Estos últimos días he convivido con la llamada fiebre de heno disipada por los vericuetos de la piel. Lo bueno de la edad es que uno aprende a conocer los padecimientos del propio cuerpo, los trata con remedios caseros y los lleva con resignación.
“Es la vejez” se dice uno, y esa circunstancia se asimila estoicamente, al ser la inexorable cuota que pagamos por haber nacido. George Steiner lo llamaría “nostalgia del absoluto”, mientras Margarita Yourcenar, observando al médico alquimista del siglo XVI, Zenón, a punto de suicidarse en “Opus nigrum”, reconocería que el tiempo es el único gran escultor, siendo nosotros la piedra donde moldea, con martillo y cincel, los recovecos del espíritu.
Uno suele vivir de diversas formas, pero siempre aferrado, como la hiedra en las altas tapias, del pasado que, como nosotros, también fenece; pero solamente recordando o tarareando una caduca melodía, la existencia guarda ramalazos de anhelos perdurables.
En nuestra lejana infancia, no había clase en la escuela los fines de semana, solamente una sesión cultural y entretenidos juegos. Eran sin duda tiempos de una Arcadia feliz.
En las tardes, al campo. Se llegaba a los prados y colinas por un estrecho camino de robles, encinas, castaños, cipreses y todo sobre un valle inclinado de alta hierba donde pareciera que la sinfonía de la naturaleza se guarnecía entre sus espadañas.
Se escuchaba el canto del mirlo, el cuco, la paloma torcaz, el sonido monótono de la cigarra al compás del grillo y el muchachuelo de entonces, travieso como cabrilla montuna, corría detrás de mariposas, saltamontes y gorriones de casero vuelo.
Al transcurrir el tiempo ineludible, una pena honda acorrala el alma, y pensamos en esos días idos. Y uno, como Gabriel y Galán, el poeta extremeño, exclama: “¿Somos los hombres de hoy aquellos niños de ayer?”
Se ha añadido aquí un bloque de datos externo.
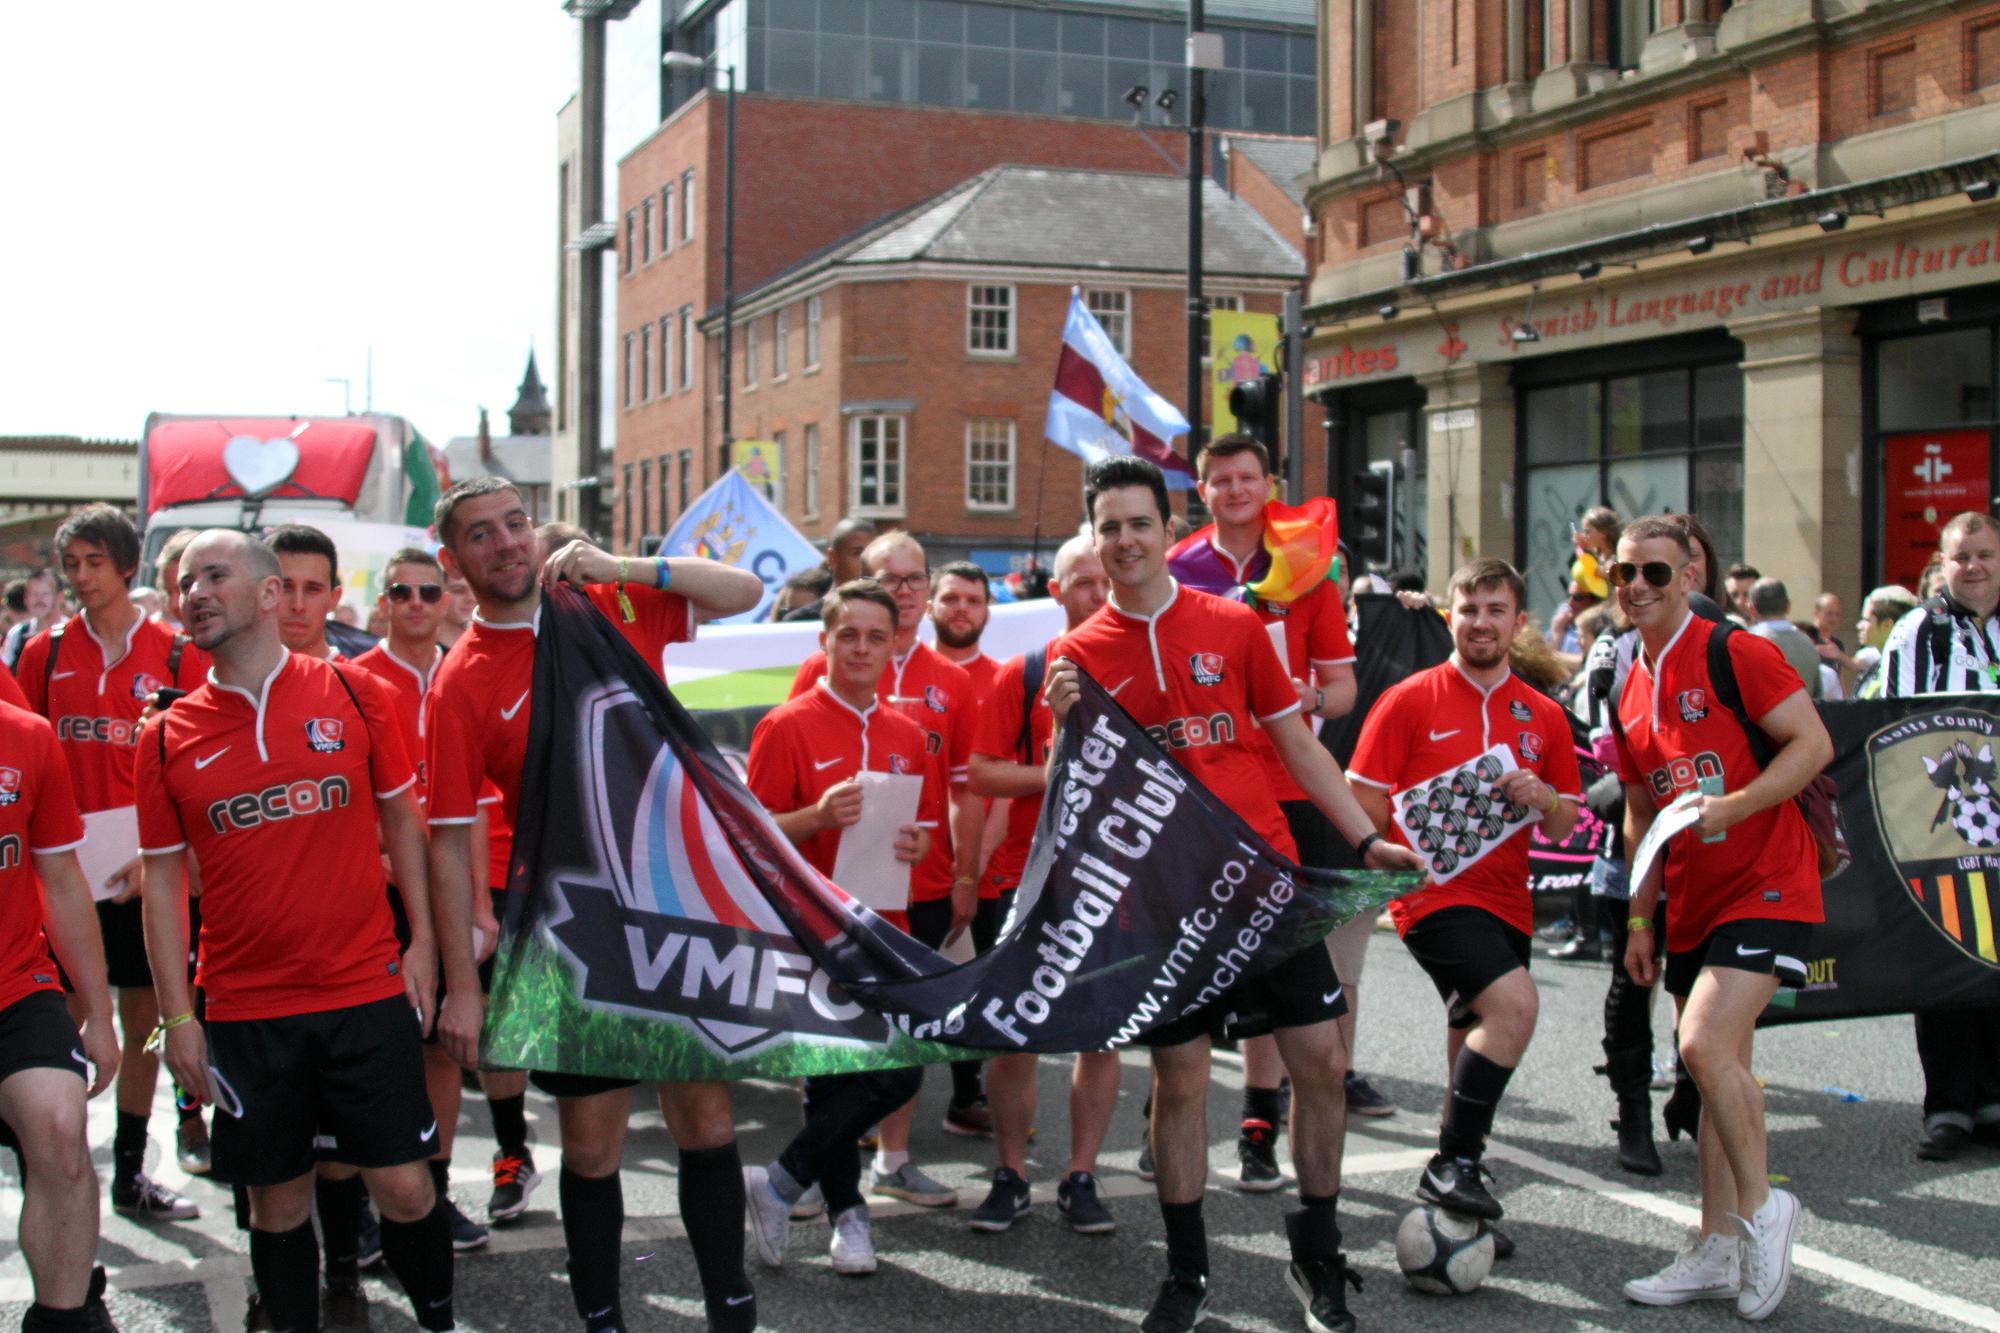 VMFC at Manchester Pride parade 2015  (16).jpg

La existencia nos ha ido colocando en su momento preciso ilusiones y querencias. Después, a una velocidad endemoniada, crecieron a nuestro lado espinas, frondosos cardos, nostalgias del espacio marchitado y doloras a raudales.
Habiendo cruzado ya con creces el epicentro de la vida y comenzando a pesarnos el sentido certero del camino, solemos leer con avidez todo folleto sobre la posibilidad de hacer frente a las enfermedades de los años, y al lado de los libros de cabecera en la repisa de la cama, hay el Manual de Remedios Caseros, anunciado de una forma sugestiva, aunque falaz: “Más de 1.000 maneras de curarse uno mismo”.
Ignoro lo que diría Paracelso, pero él también dejó por un tiempo la medicina clásica, y comenzó a sacar de apiñadas vasijas de barro remedios recomendados por la sabiduría popular.
El deporte, la alimentación adecuada y una vida tranquila, aseguran la longevidad, aunque menos de lo que nos gustaría a todos, y es que según la genética, “nosotros no estamos intentando encontrar la fuente de la eterna juventud. Solo deseamos hallar la forma de envejecer bien”.
Y así, entre pensamientos de infancia y sabores de madurez ya cobijada en uno, hemos hecho el único ejercicio que en verdad sabemos realizar sin equivocarnos: recordar el pasado.